The U.S. hotel industry reported “mostly positive results” in occupancy, average daily rate and revenue per available room during Q3 2019, according to STR. Year-over-year, occupancy declined 0.1 percent to 70.9 percent, ADR rose 0.8 percent to $133.25 and RevPAR rose 0.7 percent to $94.42.

“While RevPAR increased slightly, it was the lowest year-over-year percent change in the metric since the first quarter of 2010, and the first quarter during the current cycle to show an increase in the metric below 1 percent,” Bobby Bowers, STR’s senior VP of operations, said in a statement. “While demand growth slowed to 1.8 percent, the industry sold more nights than any other Q3 in history. Keeping in line with that theme, third-quarter room revenue reached $46.5 billion, the highest quarterly room revenue figure in STR’s U.S. database.”

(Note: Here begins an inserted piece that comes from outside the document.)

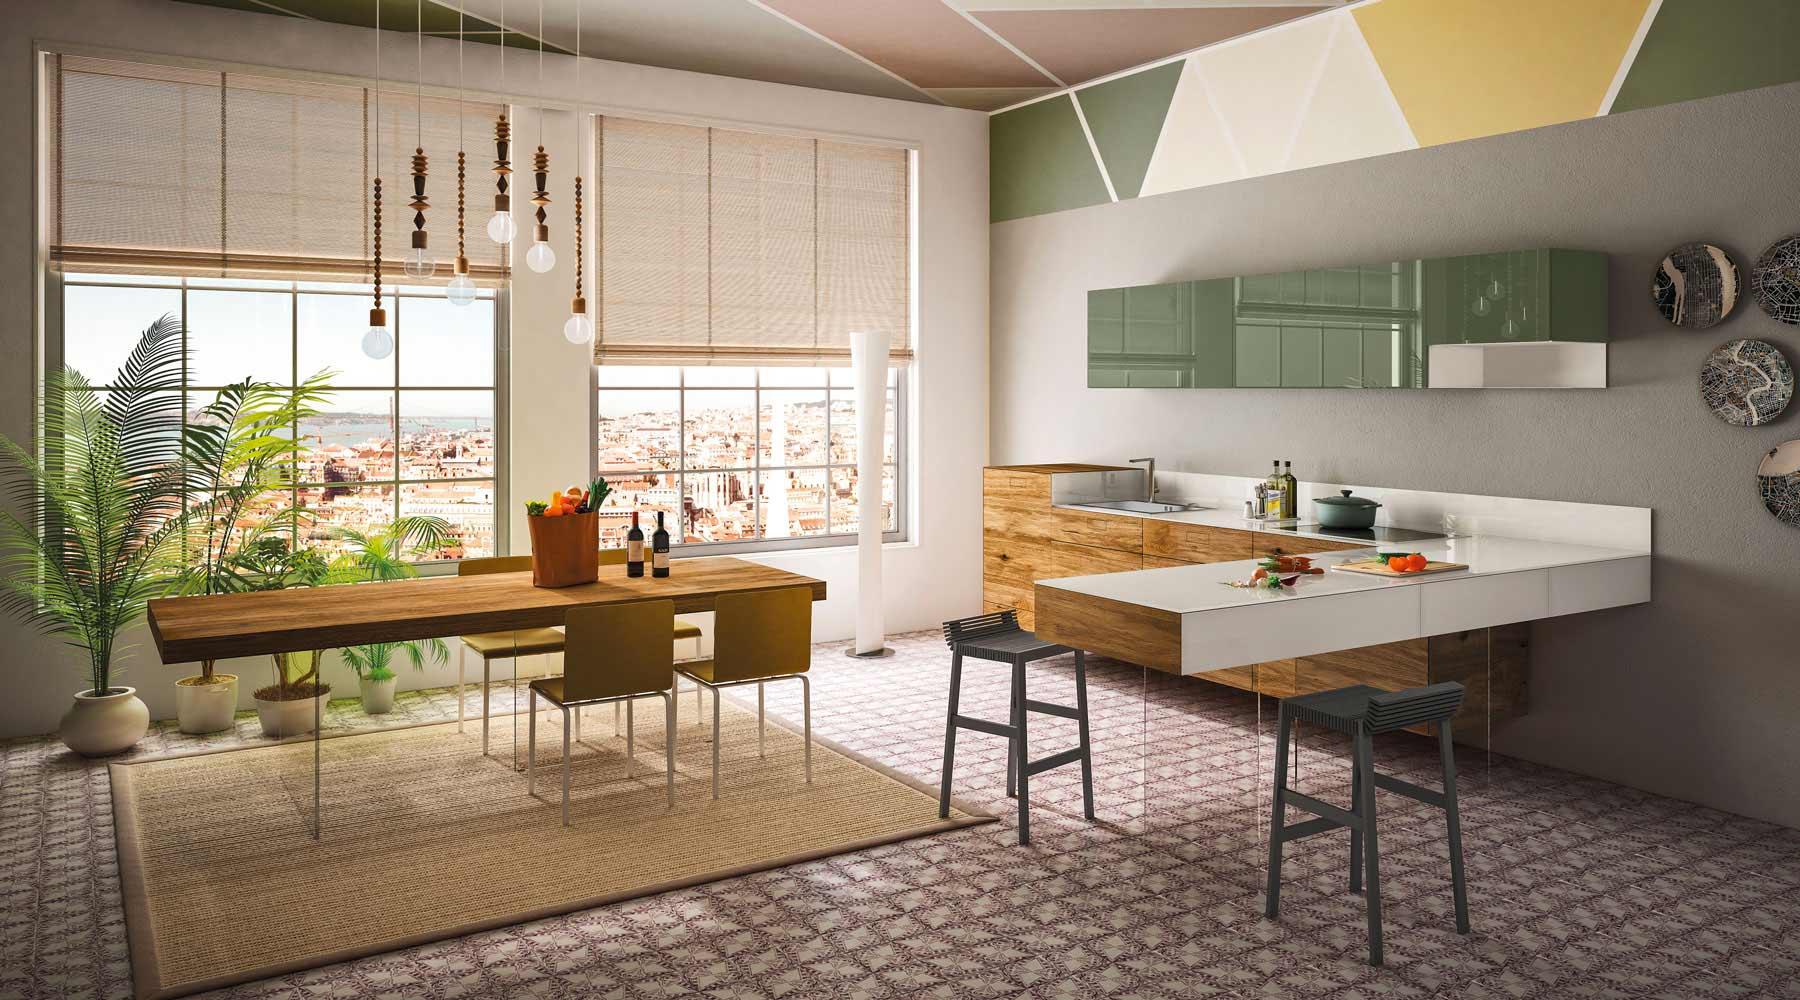 Cucina Wildwood Curiosity Strippoli Mobili Corato Home Design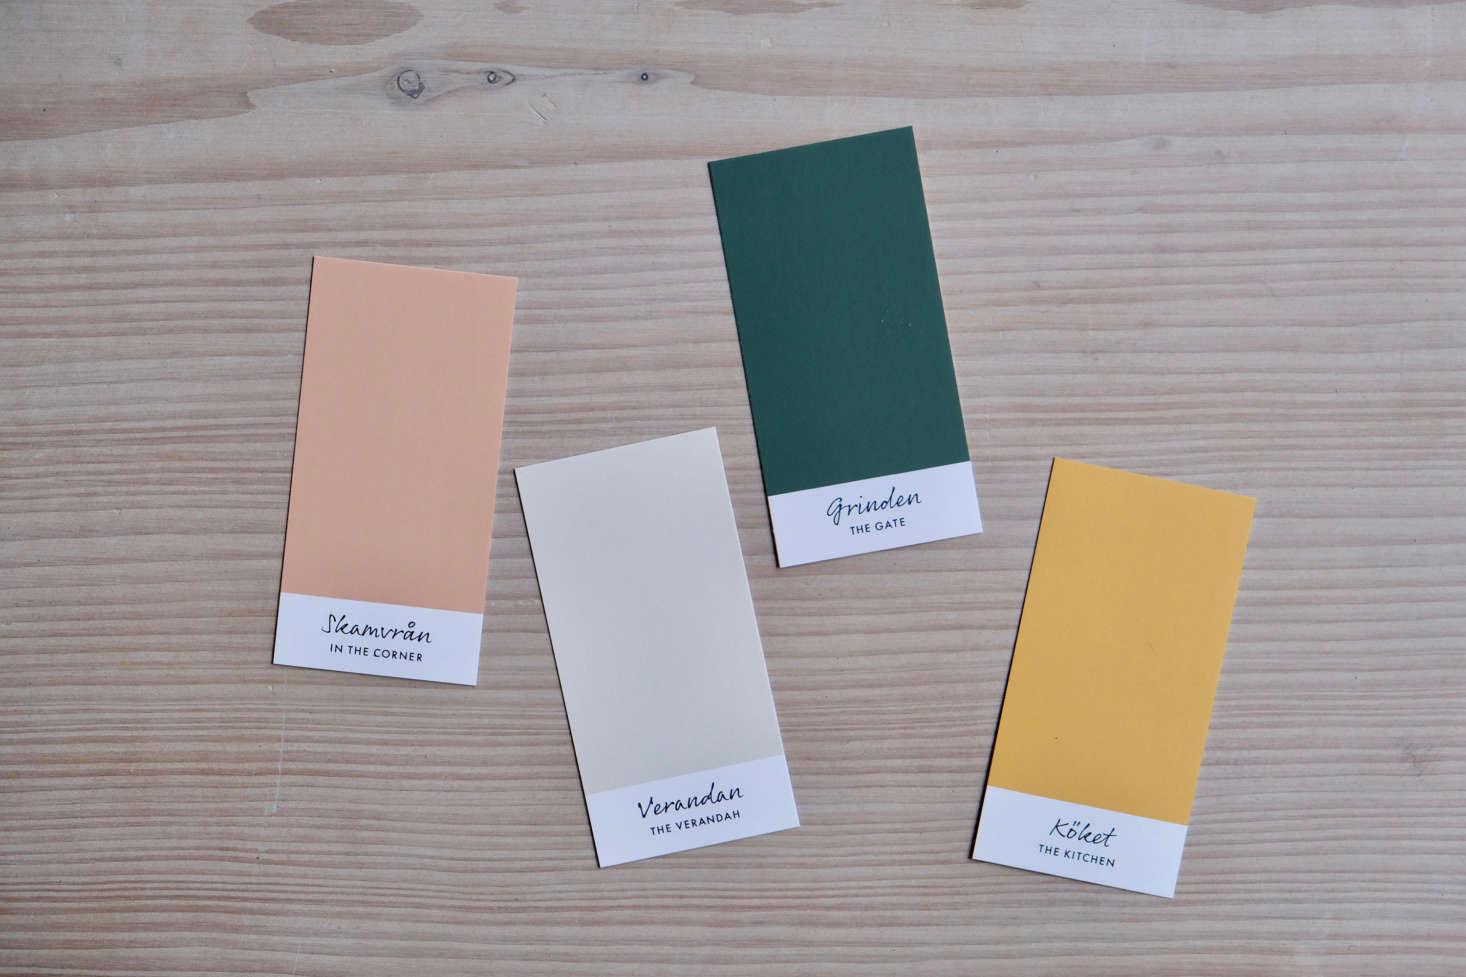 The Ett Hem palette includes (L to R) In the Corner (Skamvrån), The Verandah (Verandan), The Gate (Grinden), and The Kitchen (Köket), all named after Carl Larsson paintings.

The industry’s current cycle is now at 115 months with YOY RevPAR increases during 112 of those months. This September marked the third instance of a YOY decrease, with June this year and September 2018 being the other two.

“The second month this year with a negative result points to a continued slowdown for the U.S. hotel industry,” Jan Freitag, SVP of lodging insights at STR, said in a statement about the September results.

Top 25 Markets

Of STR’s top 25 markets, Phoenix experienced the largest increase in RevPAR (5.3 percent to $60.57). Houston registered the highest rise in occupancy (4.4 percent to 62.4 percent) and Washington, D.C.-Maryland-Virginia recorded the largest jump in in ADR (4 percent to $148.43).

Seattle and Miami/Hialeah, Fla., tied for the steepest decline—5.1 percent. Seattle also reported the largest drop in ADR (-4 percent to $185.35) and Orlando experienced the steepest decline in occupancy (-5 percent to 69.6 percent).